Eventually, The Golem learns English by binge-watching Curb Your Enthusiasm after ingesting a massive amount of LSD and reveals that he is a creature with an ancestral memory; he recalls every previous iteration of himself, making The Golem a repository of Jewish history and trauma. He demands to know what crisis has prompted his re-creation and whom must he destroy. When Miri shows him a video of white nationalists marching and chanting “Jews will not replace us,” the answer becomes clear.

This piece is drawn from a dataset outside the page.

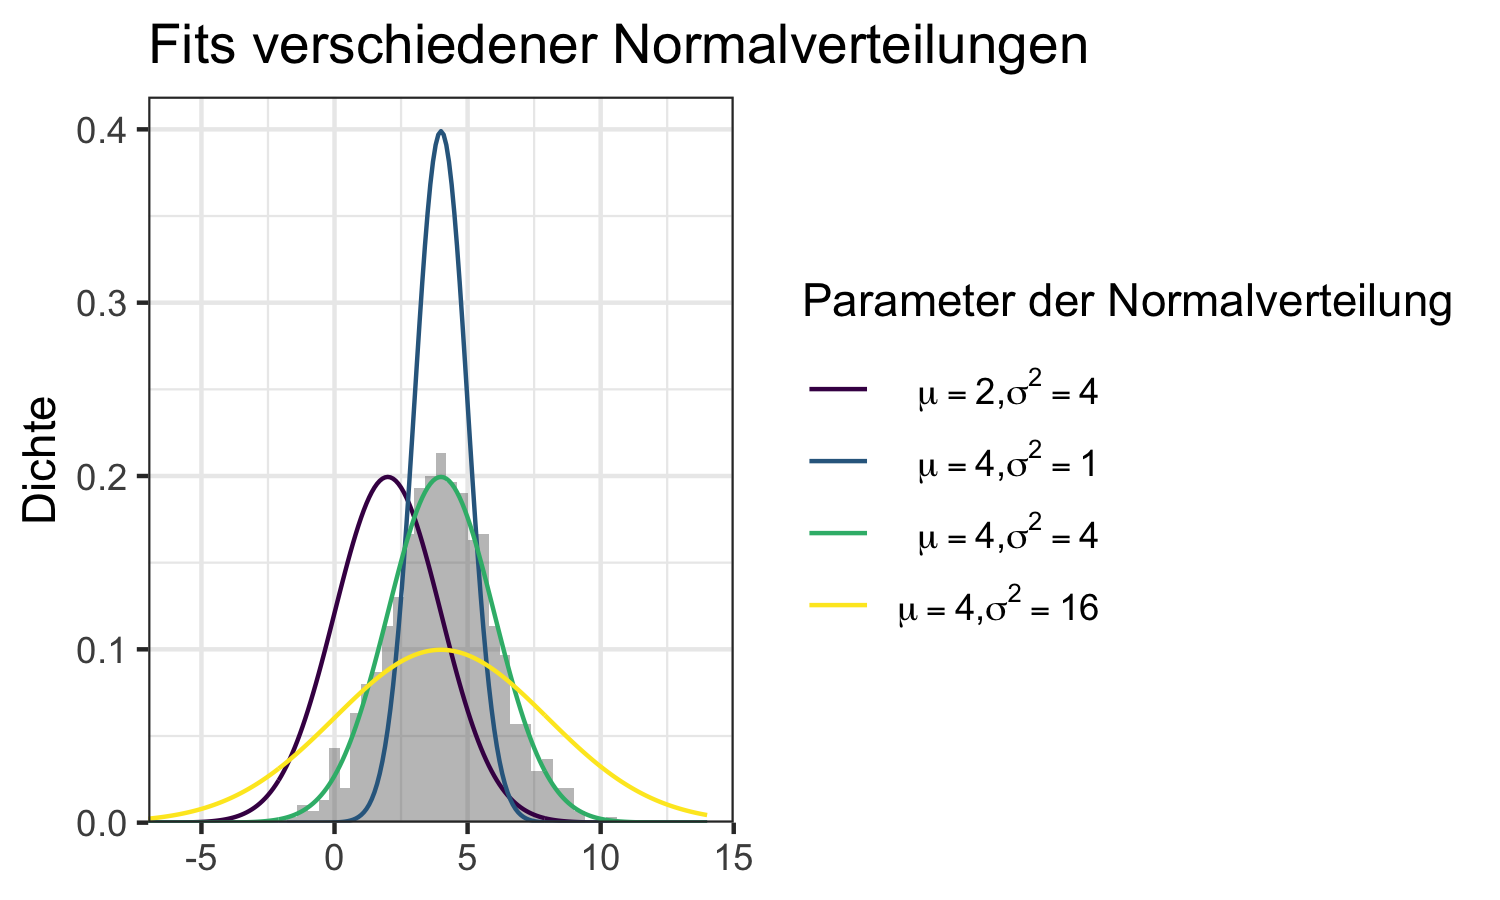 Beispiel zur Verdeutlichung von Fits verschiedener Normalverteilungen mit unterschiedlichen Parameterwerten

The Golem of Brooklyn is an epic romp through Jewish history and the American present that wrestles with the deepest questions of our humanity—the conflicts between faith and skepticism, tribalism and interdependence, and vengeance and healing.
PUBLISHERS WEEKLY
The funny, if slight, latest from Mansbach (Go the F**k to Sleep) stretches its premise gossamer thin. Len Bronstein, a Brooklyn Heights art teacher on summer break, sculpts a nine-foot-tall statue of a golem out of clay while stoned. Once the statue comes to life, Len recruits local bodega cashier Miri Apfelbaum, herself a former member of an ultrareligious Jewish sect, to help translate the golem's Yiddish, though the golem quickly learns English via reruns of Curb Your Enthusiasm ("Larry David remind The Golem of Hillel," the Golem muses). The creature explains his mission to protect the Jewish community, and after Miri shows him clips from the 2017 Unite the Right rally in Charlottesville, Va., the golem insists on attending a similar upcoming gathering in Kentucky. Len and Miri oblige, but as they transport the golem, they begin to fret about the creature's bloodlust. Mansbach's writing works best when his characters wrestle with the concept of violence, weighing pros and cons of letting the golem tear through a crowd of racists. Too often, however, the story gets mired in tangents, from the long synopsis of Len's failed novel to the multipage poem excerpt that nods to Mansbach's 2009 novel, The End of the Jews. These interludes act as filler, padding the slender narrative and delaying its cathartic conclusion. This is a case where the punch lines outweigh the message.